Portrayal of martial arts sporting in Egypt has begun by the time of the 5th Dynasty mastaba tombs at Saqqara, circa 2400 BC. After a boat joust scene recorded in the tomb of Niankhkhnum and Khnumhotep, who were manicurists to King Nyuserre, six pairs of boys wrestle in the nearby tomb of Akhethotep and Ptahhotep.[10][11][12][a] Another early piece of evidence for wrestling in Egypt appears at 11th and 12th Dynasty Beni Hasan (2000 BC, images at right and above), where wrestling scenes in several tombs are elaborated to cover much of a wall.[8][9] During the period of the New Kingdom (1550-1070 BC), additional Egyptian artwork (often on friezes), depicted Egyptian and Nubian wrestlers competing. Carroll notes striking similarities between these ancient depictions and those of the modern Nuba wrestlers.[13] On the 406 wrestling pairs found in the Middle Kingdom tombs at Beni Hasan in the Nile valley, nearly all of the techniques seen in modern freestyle wrestling could be found.[14]

Textual description of wrestling begins with the ancient classics, especially the Greek and Sanskrit epics. The Mahabharata describes the encounter between the accomplished wrestlers Bhima and Jarasandha.

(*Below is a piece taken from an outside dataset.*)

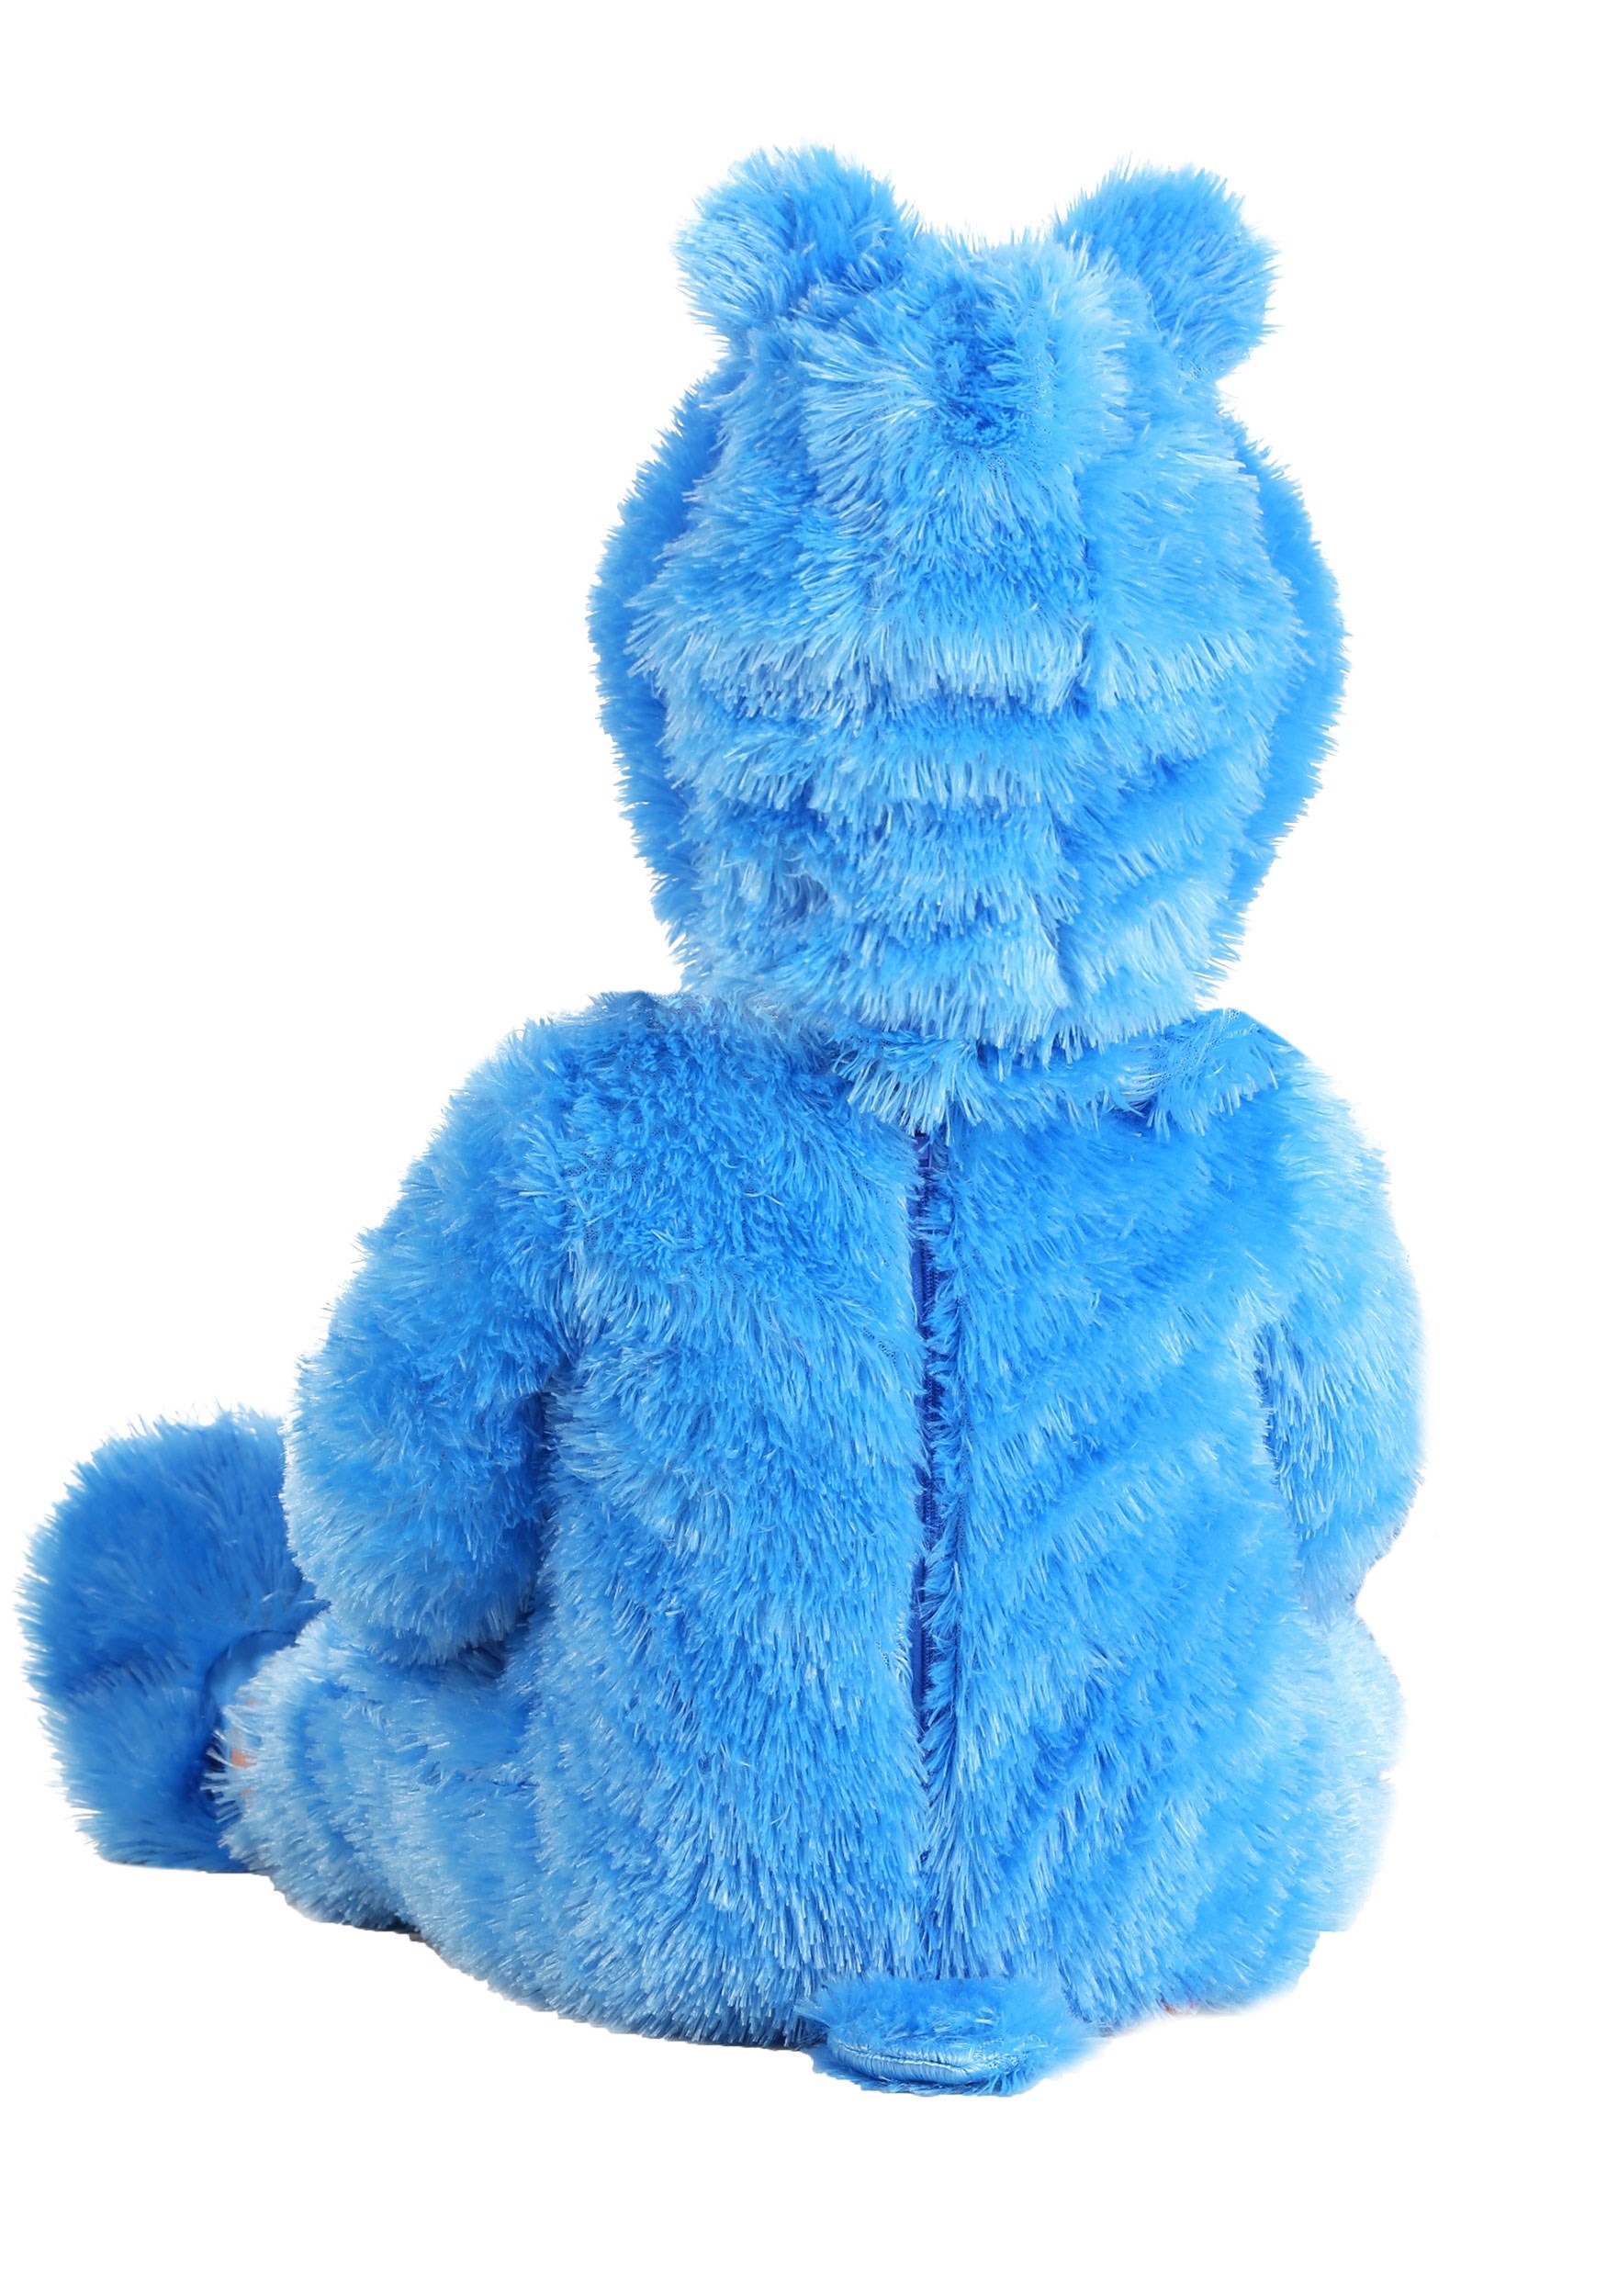 Grumpy Bear Infant Care Bear Costume

Shuai Jiao is a legendary wrestling style of Chinese antiquity used by the Yellow Emperor during his fight against the rebel Chi You at the Battle of Zhoulu. This early style of combat was first called jiao di (butting with horns).[15]

Ancient Greek/Roman wrestling statue The Wrestlers.

Greek wrestling was a popular form of martial art in which points were awarded for touching a competitor's back to the ground, forcing a competitor out of bounds (arena).[16] Three falls determined the winner. It was at least featured as a sport since the eighteenth Olympiad in 704 BC. Wrestling is described in the earliest celebrated works of Greek literature, the Iliad and the Odyssey.[17] Wrestlers were also depicted in action on many vases, sculptures, and coins, as well as in other literature. Other cultures featured wrestling at royal or religious celebrations, but the ancient Greeks structured their style of wrestling as part of a tournament where a single winner emerged from a pool of competitors.[14] Late Greek tradition also stated that Plato was known for wrestling in the Isthmian games.[18]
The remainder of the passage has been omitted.